The difference between pessimistic locking and optimistic locking in Java

Table of contents

1. Pessimistic lock

2. Optimistic lock

3. The difference between pessimistic locking and optimistic locking


1. Pessimistic lock

Pessimistic Lock (Pessimistic Lock) is a traditional thread synchronization method. It assumes that other threads may modify data during the entire data processing process. Therefore, before accessing shared resources, they need to be locked first, which can avoid other threads. Threads modify data to ensure data security.

There are many ways to implement pessimistic locking, the most common is to use the synchronized keyword or the ReentrantLock class to achieve. These mechanisms will lock the entire code block or method to ensure that only one thread can access the shared resource, and other threads must wait for the lock to be released before they can access it.

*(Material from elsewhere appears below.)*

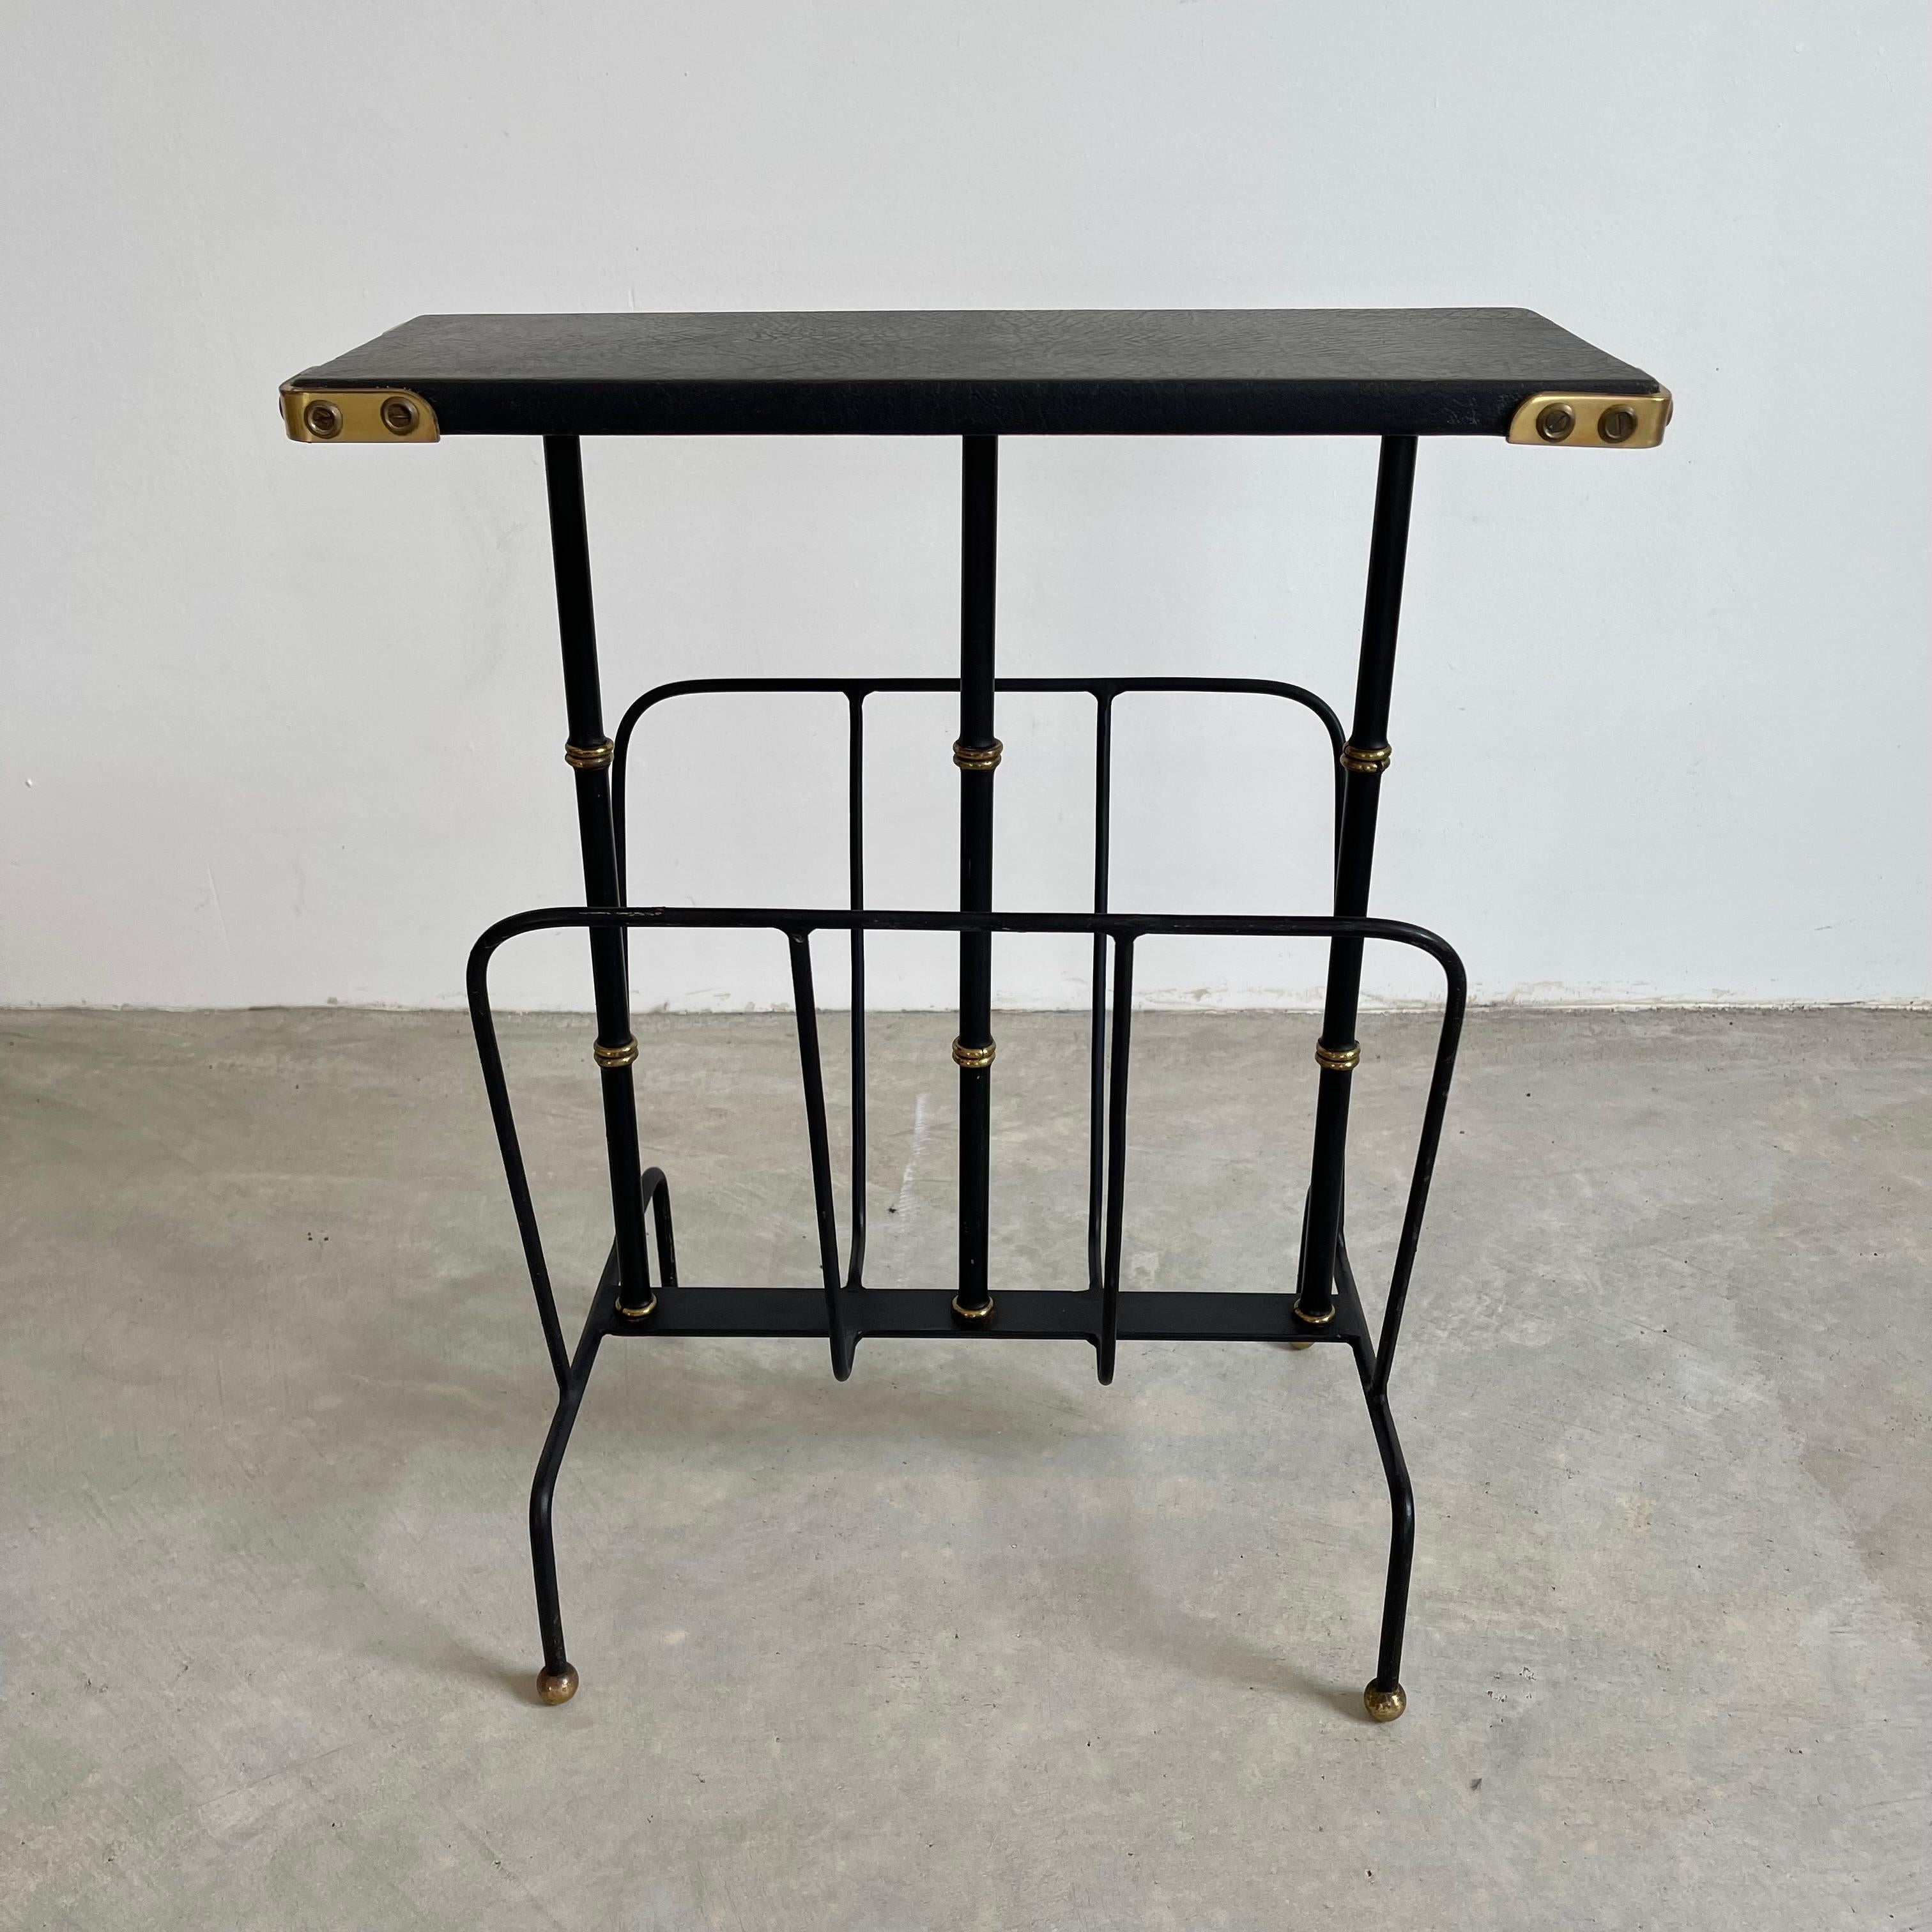 Fantastic leather side table by French designer Jacques Adnet. Leather wrapped legs with brass detailing, and brass ball feet. Metal rack underneath the slender leather table top for storing books or magazines. Edge of tabletop is wrapped in black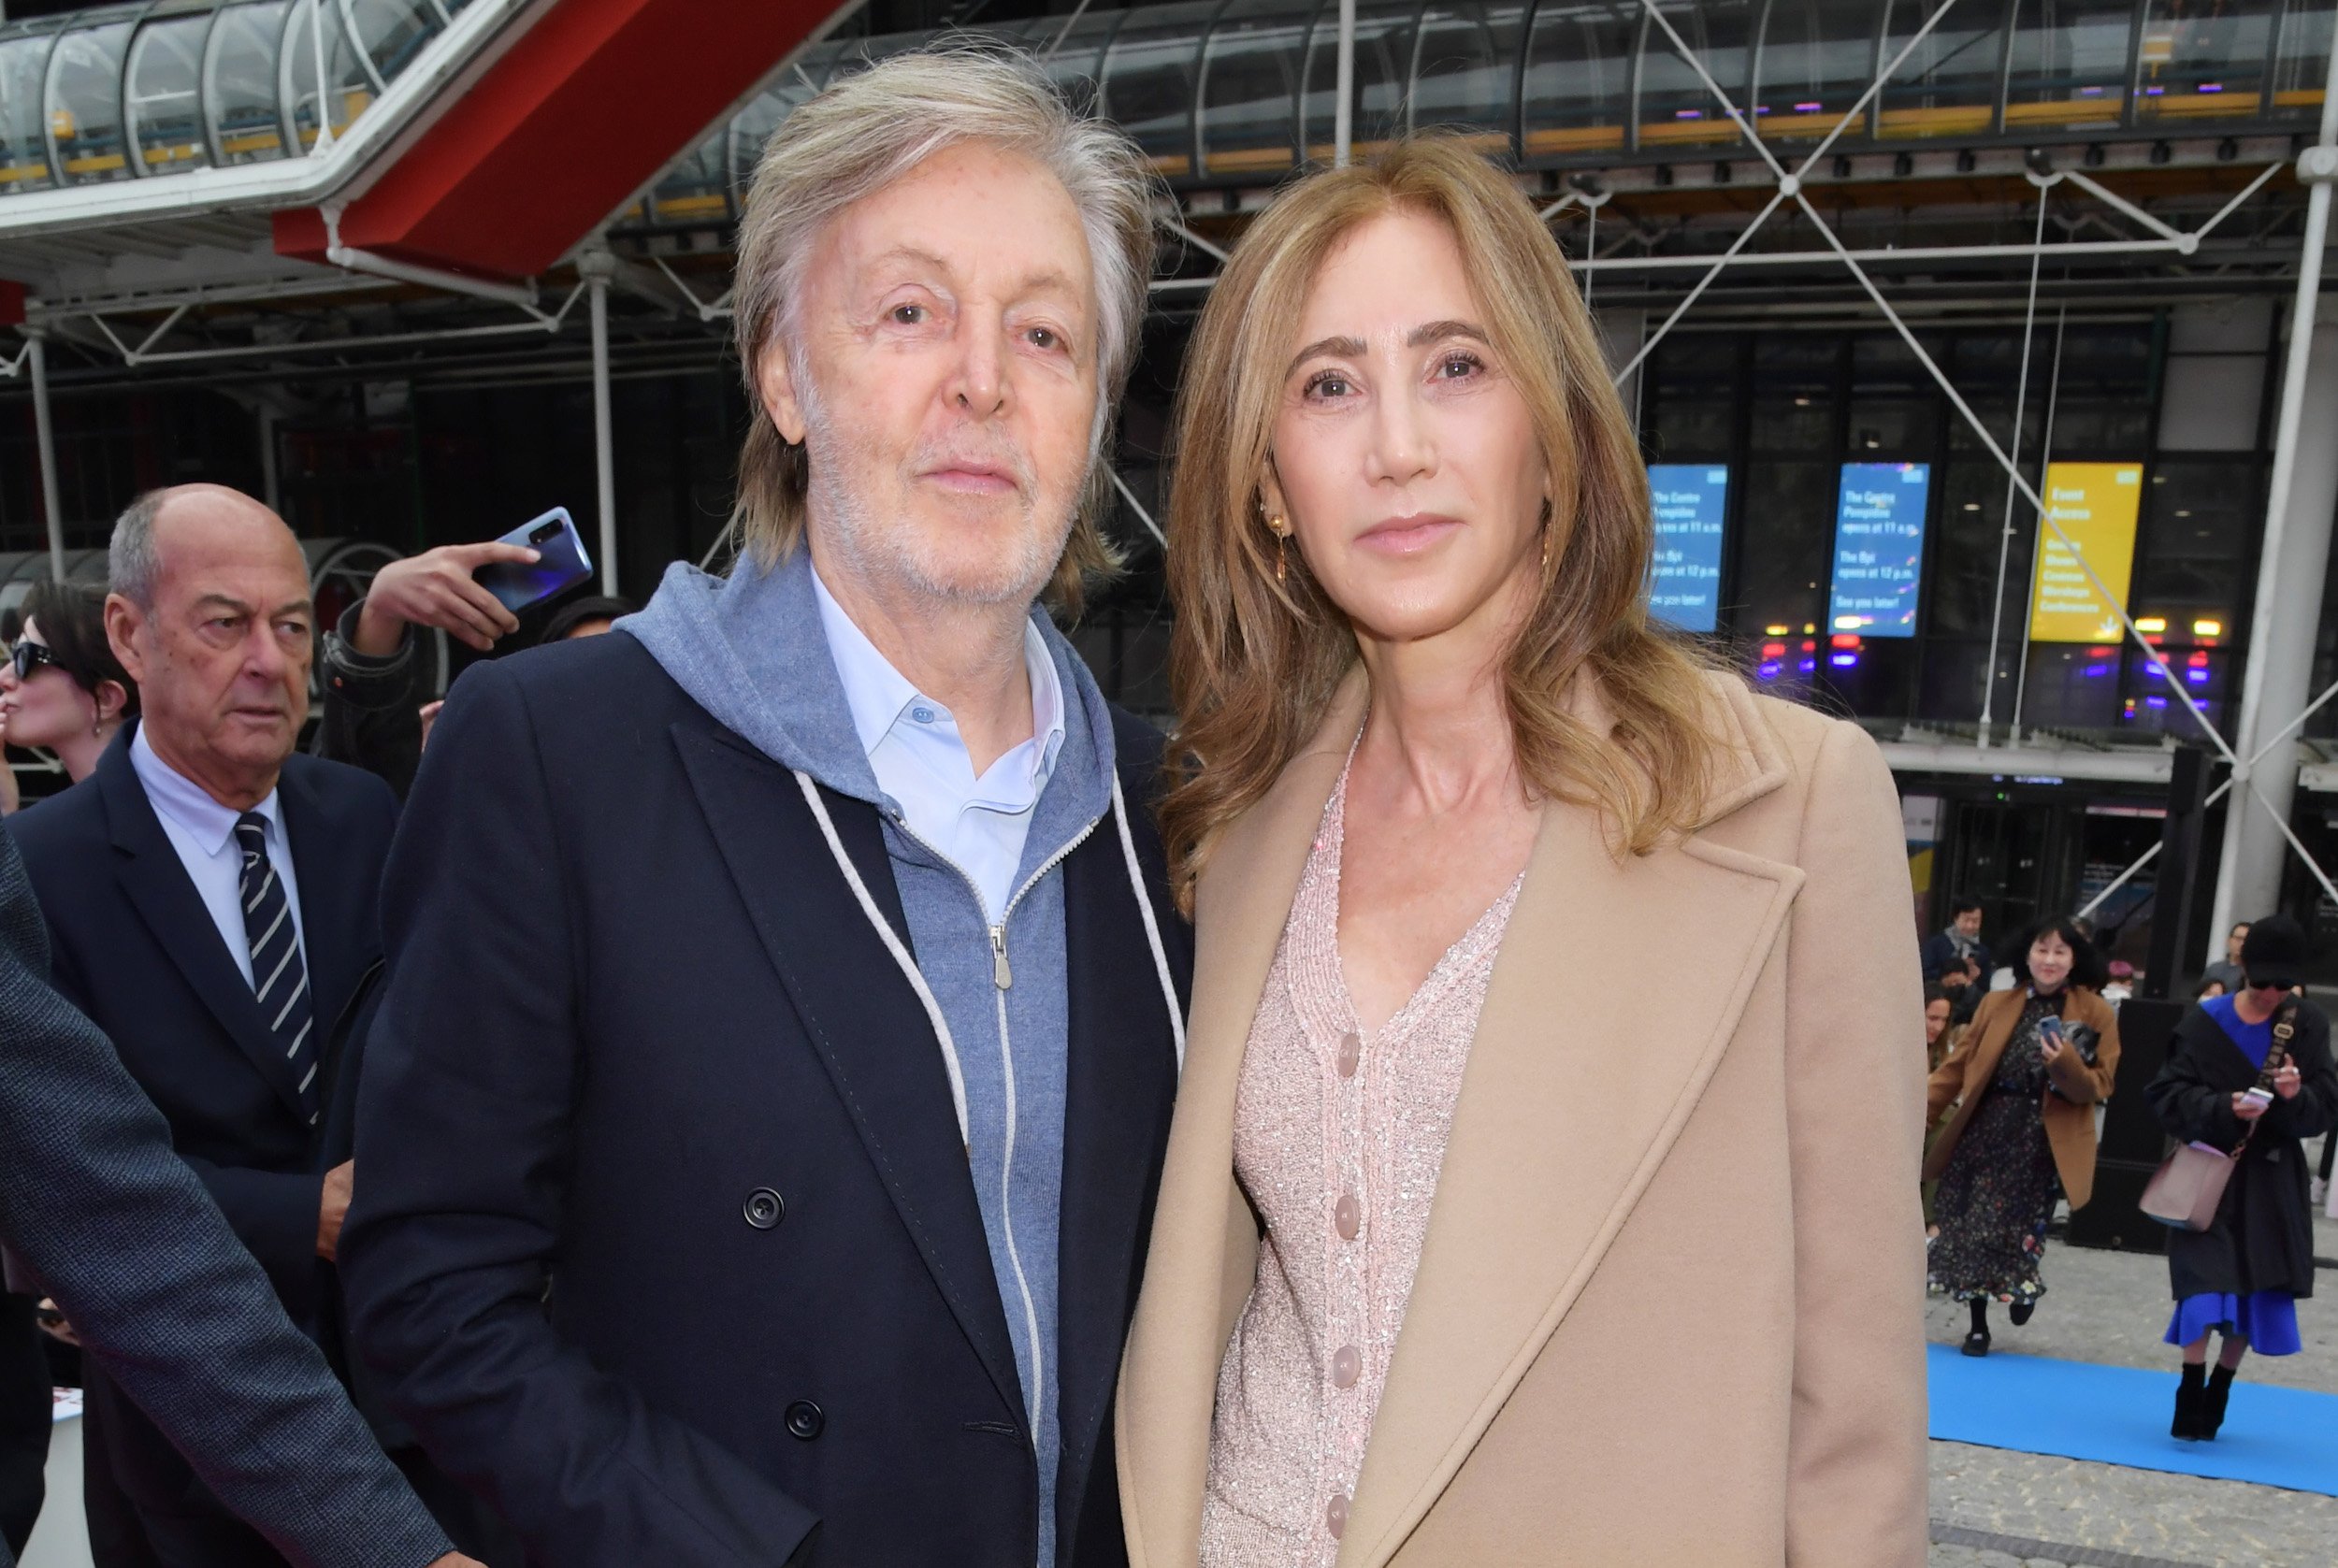 Paul McCartney asks: Will you be “My Valentine? – SheKnows

The disadvantage of pessimistic locking is that it is less efficient, because each thread needs to acquire a lock when accessing shared resources. If the lock competition is fierce, a large number of threads will be blocked, thereby reducing the concurrency of the program. Therefore, in concurrent programming, non-blocking algorithms such as optimistic locking should be used as much as possible to improve the efficiency and scalability of the program.

The following is a sample code using Java pessimistic locking (synchronized):

public class Counter {
    private int count = 0;

    public synchronized void increment() {
        count++;
    }

    public synchronized int getCount() {
        return count;
    }
}

In this example, we define a Counter class to count numbers. In both the increment() method and the getCount() method, we use the synchronized keyword to lock the entire method to ensure that only one thread can access the count variable.

Since the synchronized keyword will lock the entire method, this implementation is not very efficient. If multiple threads call the increment() method or getCount() method at the same time, they may be blocked, resulting in reduced program throughput. Therefore, in actual development, we should try to avoid using pessimistic locks, and use non-blocking algorithms such as optimistic locks to improve program efficiency and scalability.

2. Optimistic lock

Optimistic locking is a way of concurrency control. It assumes that the probability of data conflict is relatively small, so it will not lock when accessing shared resources, but check whether the data has been modified by other threads when updating data, and update if not. Success, otherwise you need to try again.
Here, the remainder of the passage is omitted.